Les inspecteurs prennent note de sa demande et procèdent à une recherche dans leurs documents d’archive, veillant à ne pas éveiller la curiosité de leurs collègues. Gabriel, bien intrigué, se promet qu’il essaiera de comprendre ce mystère.


Dès que Mélinda raccroche le téléphone, le défunt militaire lui murmure : 

— Caserne Niel.

Et il se dissipe dans l'air. La jeune mère note les paroles du défunt et soupire. Elle effectue une recherche rapide pour trouver la localisation de cette base militaire. Elle attend avec impatience son mari pour se confier sur sa prochaine destination.

— La Caserne Niel est à Bordeaux ! À plus de 600 km de distance de Reims ! 
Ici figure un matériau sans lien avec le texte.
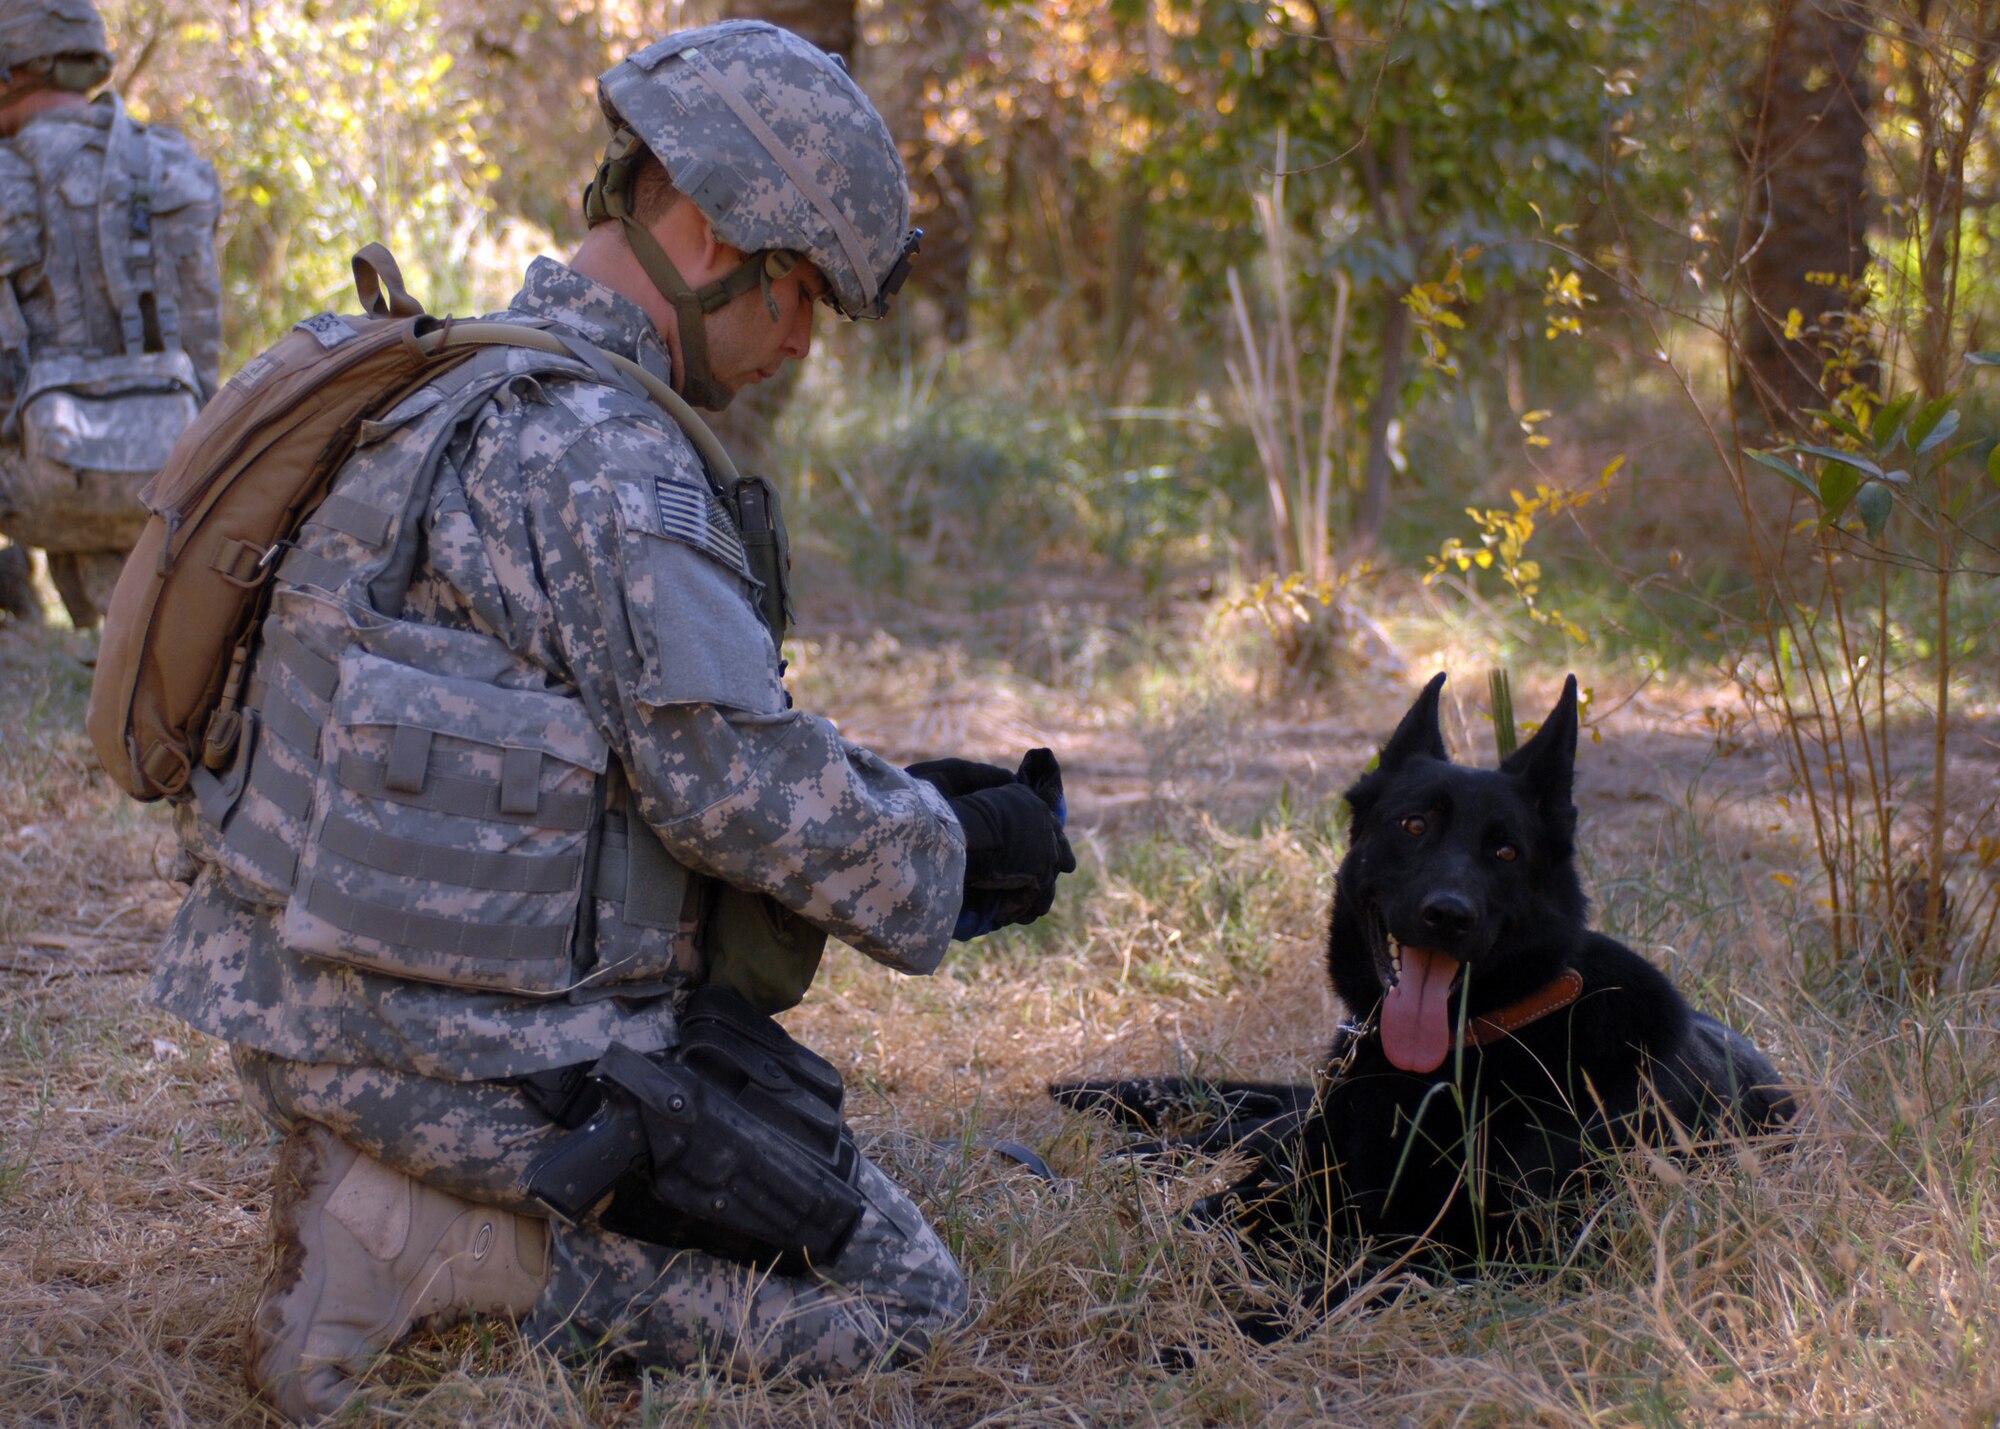 Tech Sgt. Michael Jones and military working dog Blacky pause during patrol in Iraq for a water break. (Courtesy photo)

— Es-tu certaine de vouloir y aller seule ?

— Je n’ai guère le choix.

Elle hausse les épaules.

— Tu le sais que les défunts sont très énigmatiques, donc si en me rendant là-bas, je peux obtenir des indices supplémentaires, je ne néglige rien… Ce doit être le lieu où il a trouvé la mort… Il est encore lié à cet endroit.

Tournant le regard vers son fils endormi, elle continue d’un ton chaleureux et maternel.

— Mais je ne vais pas amener Alex. Je ne veux pas qu’il ait peur du défunt, celui-ci n’est pas présentable. Je vais appeler ma mère, elle sera bien plus capable de s'occuper de lui que tu ne peux l’être !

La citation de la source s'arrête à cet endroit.